Exercise requirements - Print the listing as it stands, omitting all images.

Stored data -
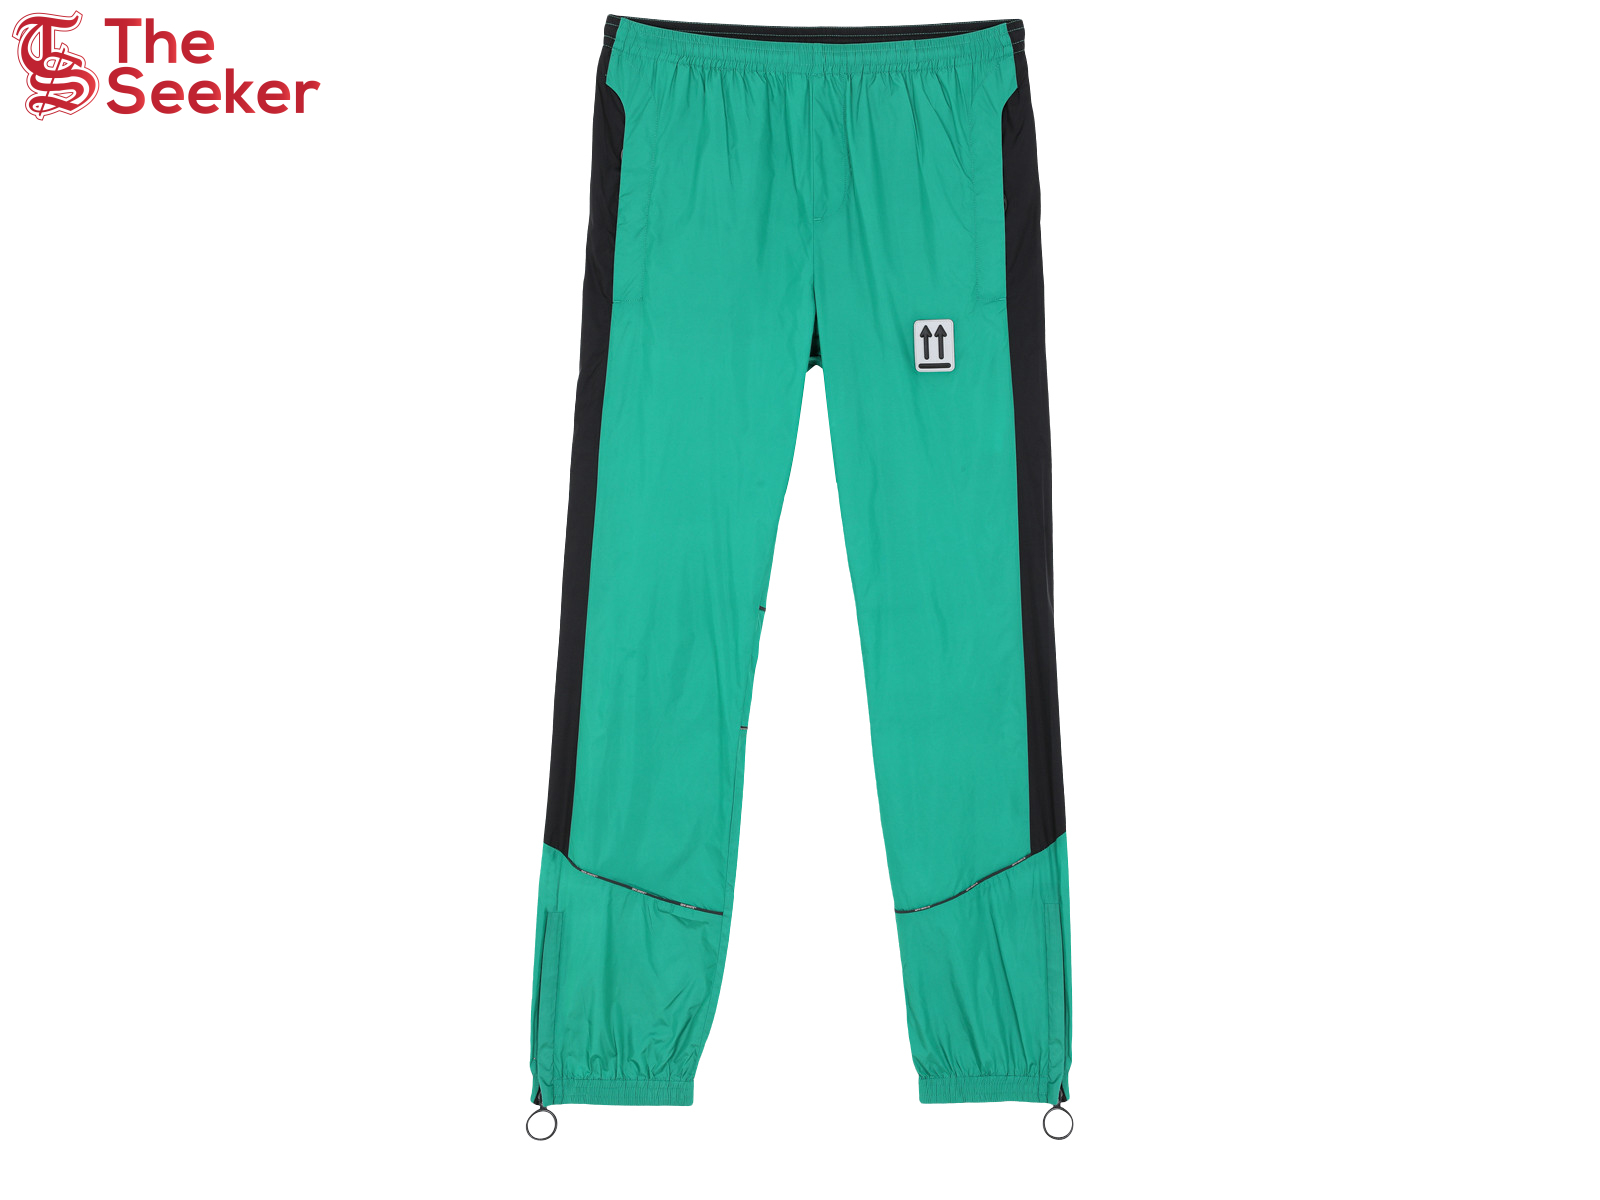 OFF-WHITE Track Pants Mint Green
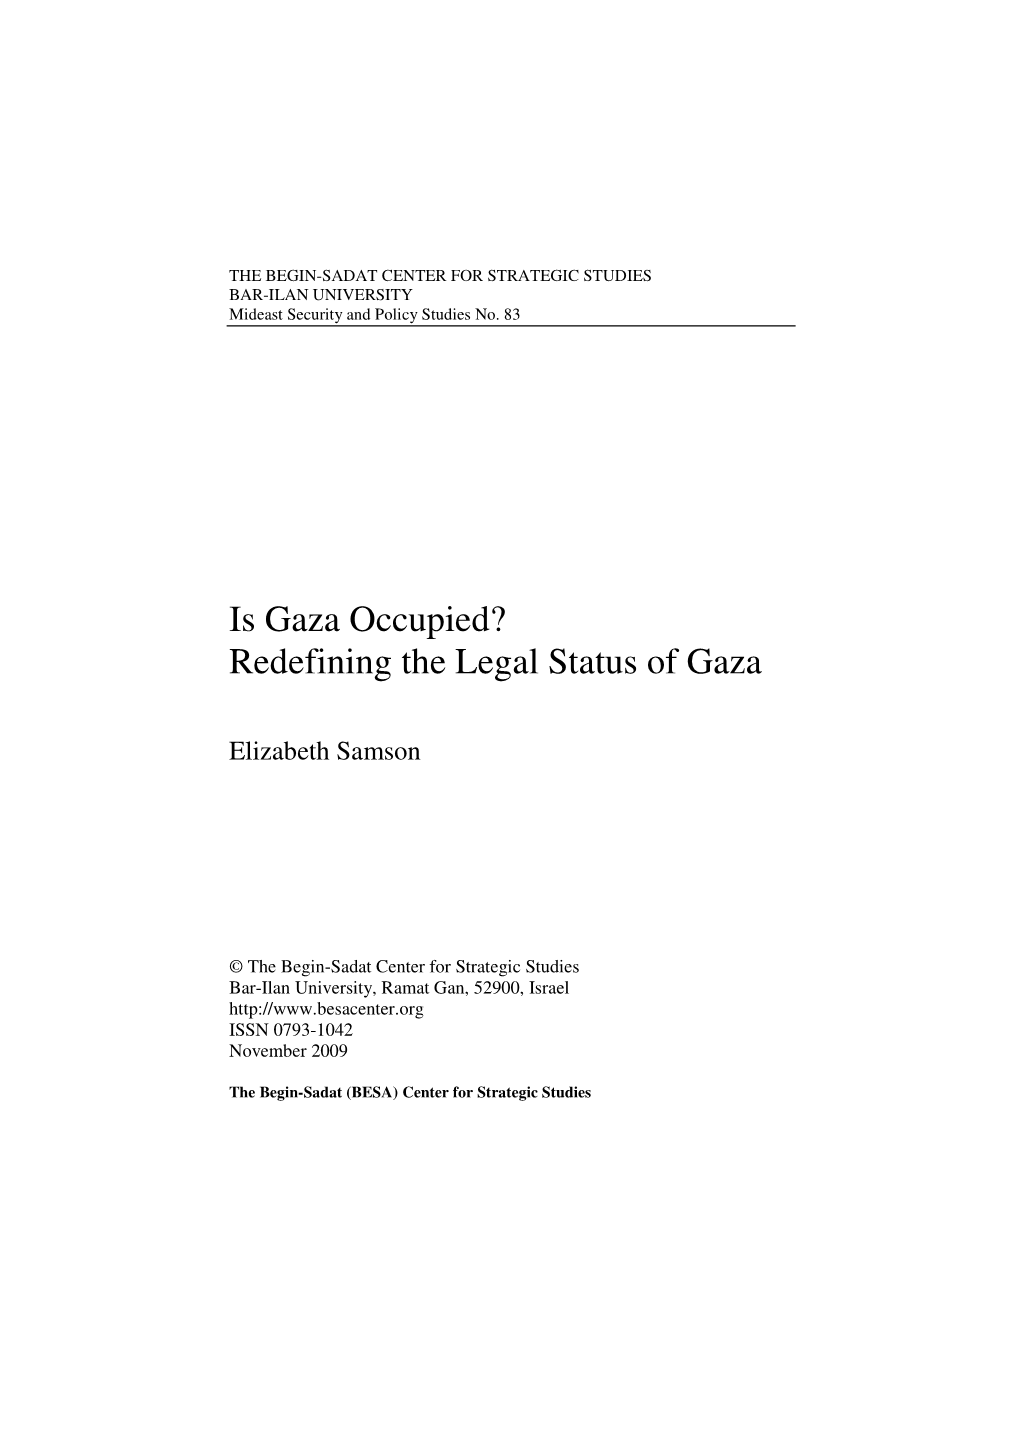 Is Gaza Occupied? Redefining the Legal Status of Gaza
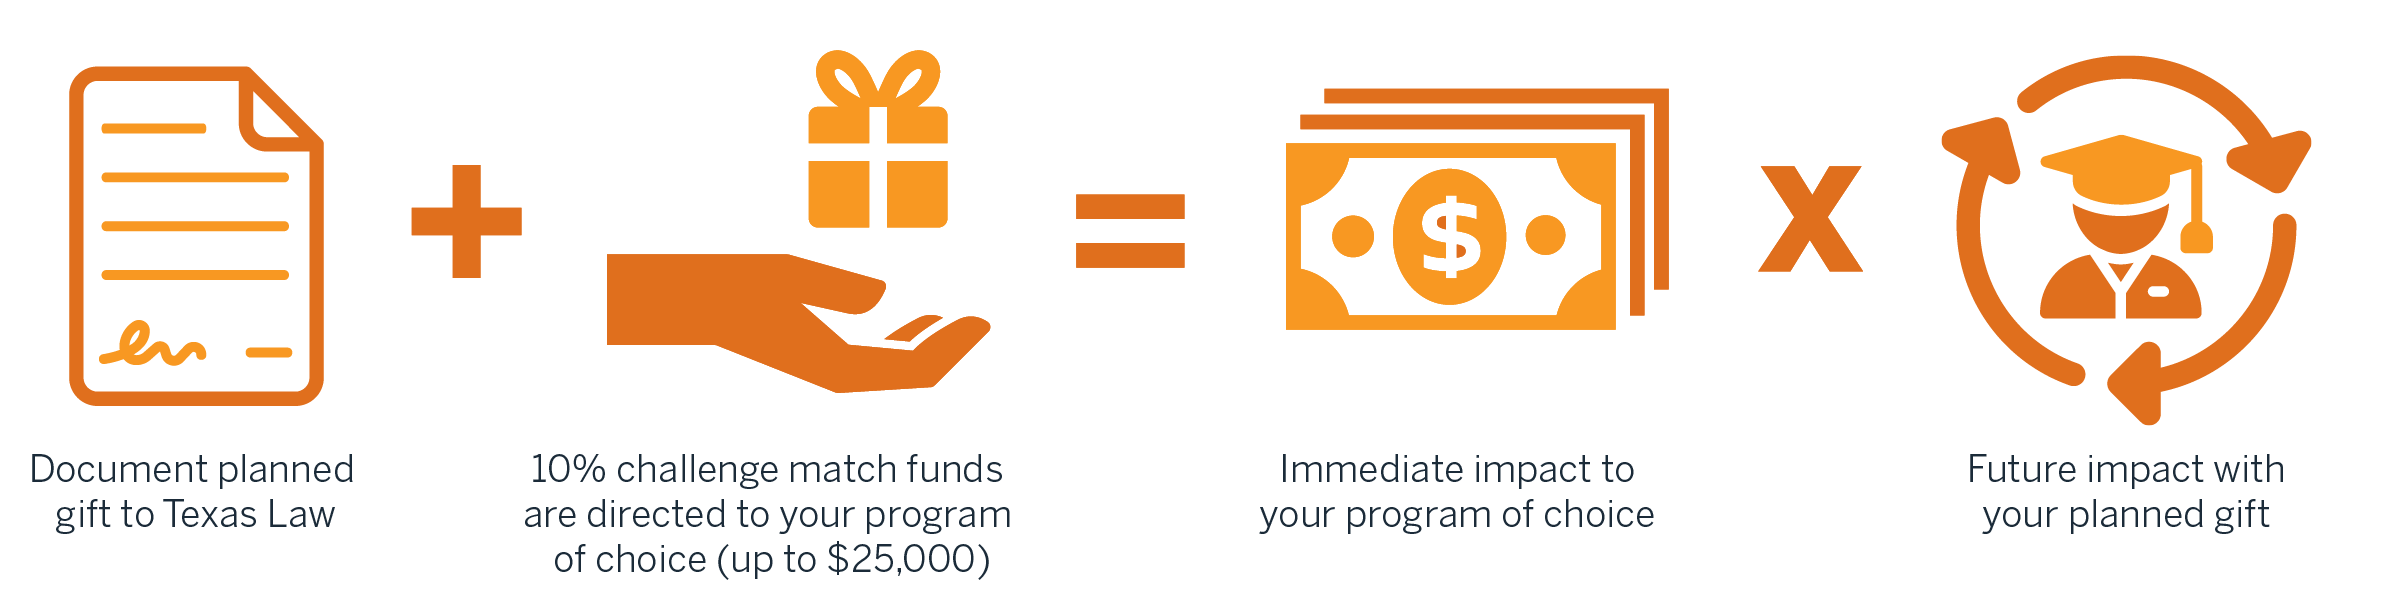 Document a planned gift to Texas Law. 10% challenge match funds are directed to the program of your choice. Immediate impact to your program of choice. Future impact with planned gift.

Solution to this problem -
 OFF-WHITE Track Pants Mint Green
 Is Gaza Occupied? Redefining the Legal Status of Gaza
 Document a planned gift to Texas Law. 10% challenge match funds are directed to the program of your choice. Immediate impact to your program of choice. Future impact with planned gift.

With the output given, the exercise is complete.